Troubleshooting Hive on Spark
- Problem: Delayed result from the first query after starting a new Hive on Spark session
- The first query after starting a new Hive on Spark session might be delayed due to the start-up time for the Spark on YARN cluster. The query waits for YARN containers to initialize. Subsequent queries will be faster.
- Problem: Exception Error: org.apache.thrift.transport.TTransportException (state=08S01,code=0) and HiveServer2 is down
- HiveServer2 memory is set too small. For more information, see STDOUT for HiveServer2. To fix this issue:
- In Cloudera Manager, go to HIVE.
- Click Configuration.
- Search for Java Heap Size of HiveServer2 in Bytes, and change it to be a larger value. Cloudera recommends a minimum value of 256 MB.
- Restart HiveServer2.
- Problem: Out-of-memory error
- You might get an out-of-memory error similar to the following:
15/03/19 03:43:17 WARN channel.DefaultChannelPipeline: An exception was thrown by a user handler while handling an exception event ([id: 0x9e79a9b1, /10.20.118.103:45603 => /10.20.120.116:39110] EXCEPTION: java.lang.OutOfMemoryError: Java heap space) java.lang.OutOfMemoryError: Java heap space
This error indicates that the Spark driver does not have enough off-heap memory.
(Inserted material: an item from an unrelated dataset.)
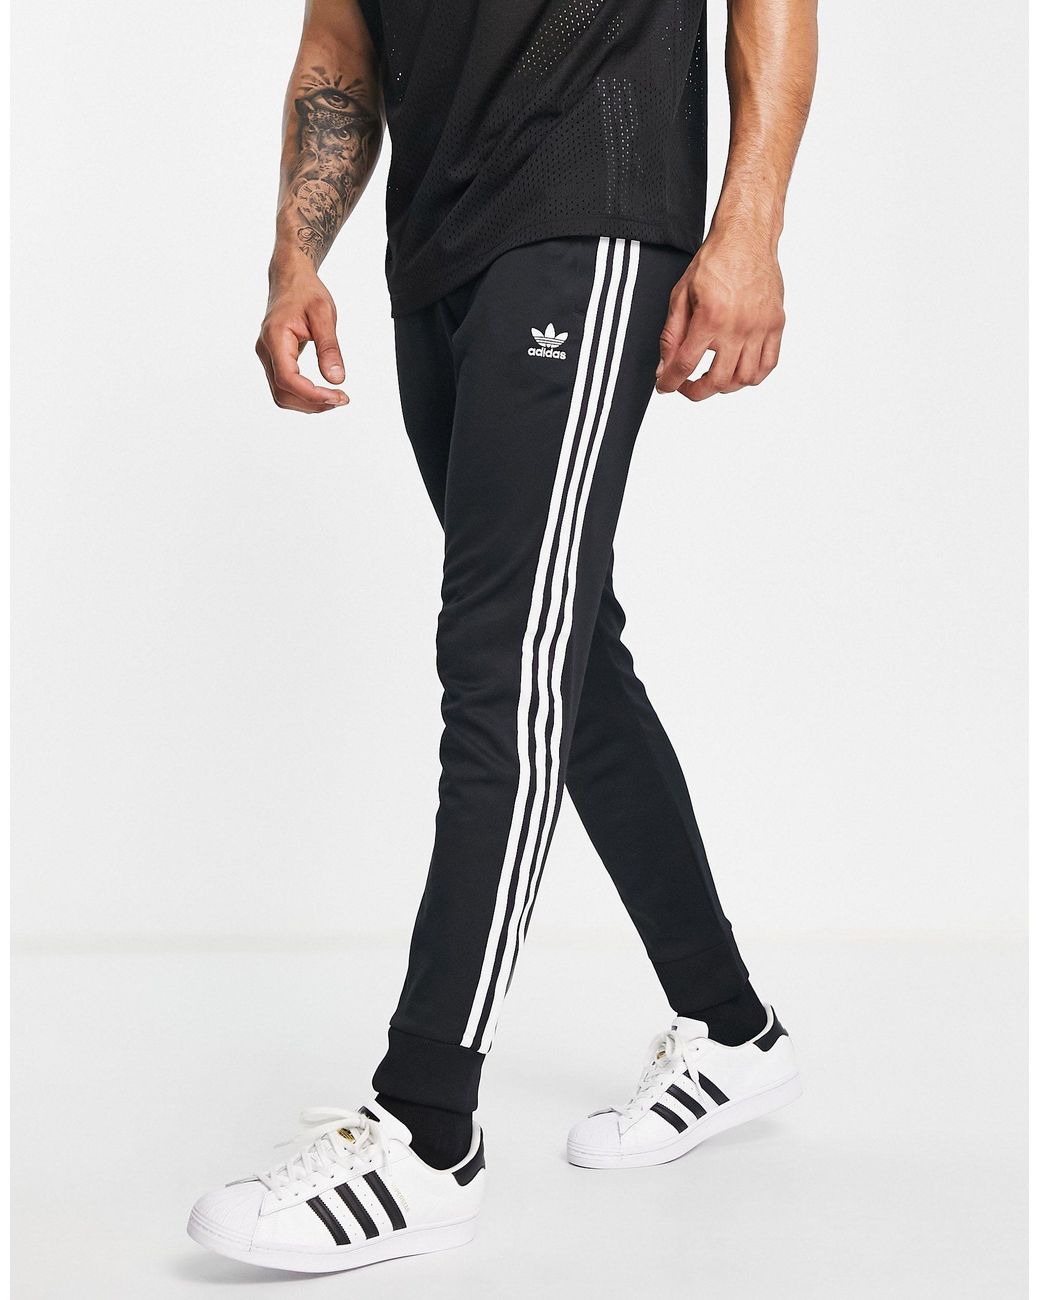 adidas Originals – adicolor primeblue – eng geschnittene jogginghose mit  den drei streifen in Schwarz für Herren - Sparen Sie 14% | Lyst DE

Increase the off-heap memory by setting spark.yarn.driver.memoryOverhead or spark.driver.memory.
- Problem: Hive on Spark does not work with HBase
- Hive on Spark with HBase is not supported. If you use HBase, use Hive on MapReduce instead of Hive on Spark.
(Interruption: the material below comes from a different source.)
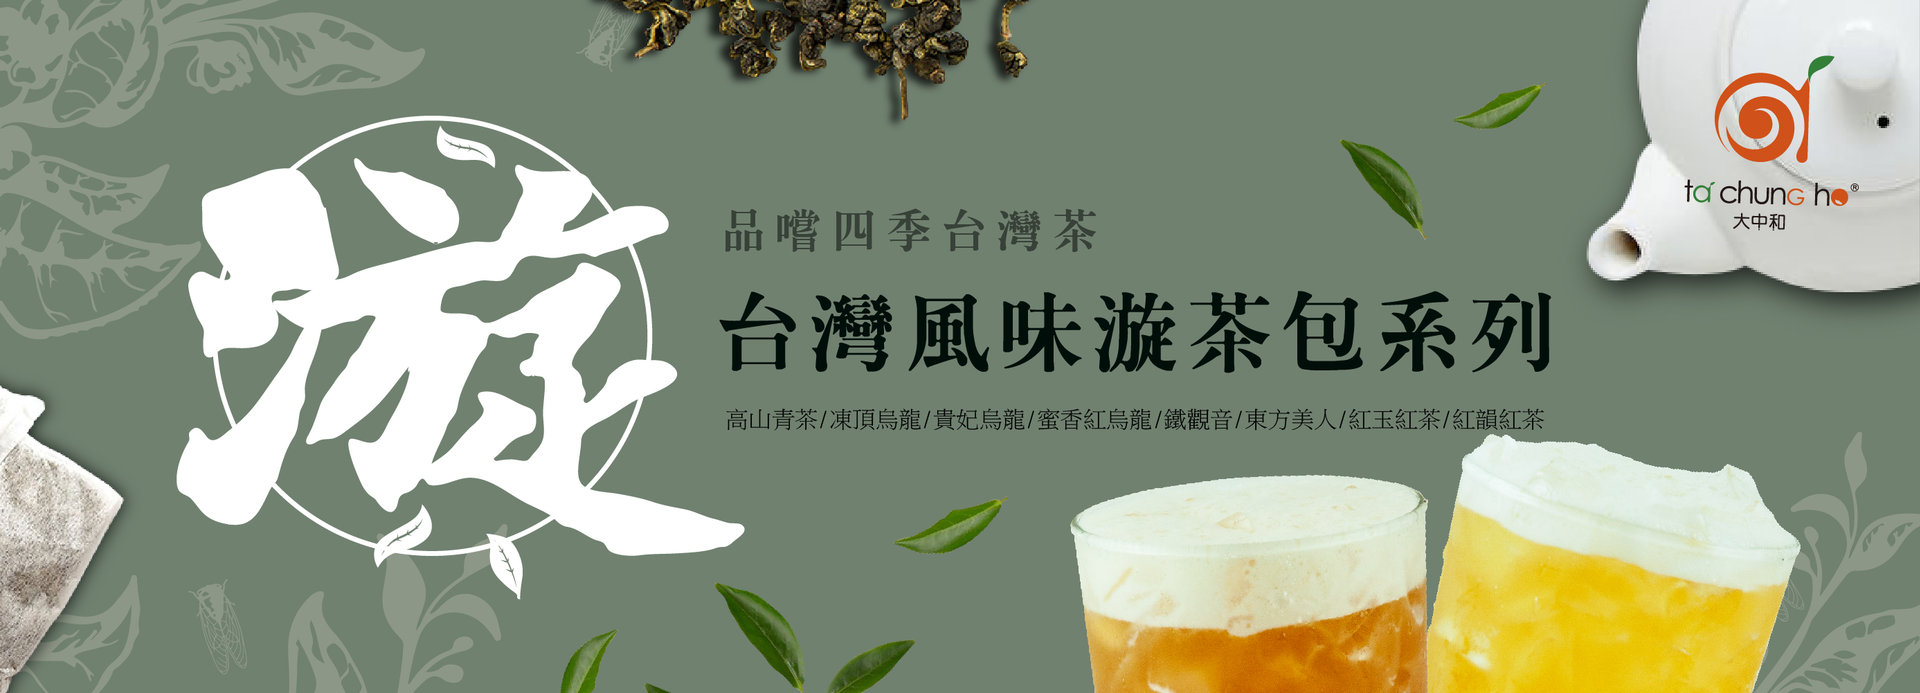 【2019夏季新品】八款台灣風味漩茶

- Problem: Spark applications stay alive forever and occupy cluster resources
- This can occur if there are multiple concurrent Hive sessions. To manually terminate the Spark applications:
- Find the YARN application IDs for the applications by going to Cloudera Manager and clicking .
- Log in to the YARN ResourceManager host.
- Open a terminal and run:
yarn application -kill <applicationID>
applicationID is each YARN application ID you found in step 1.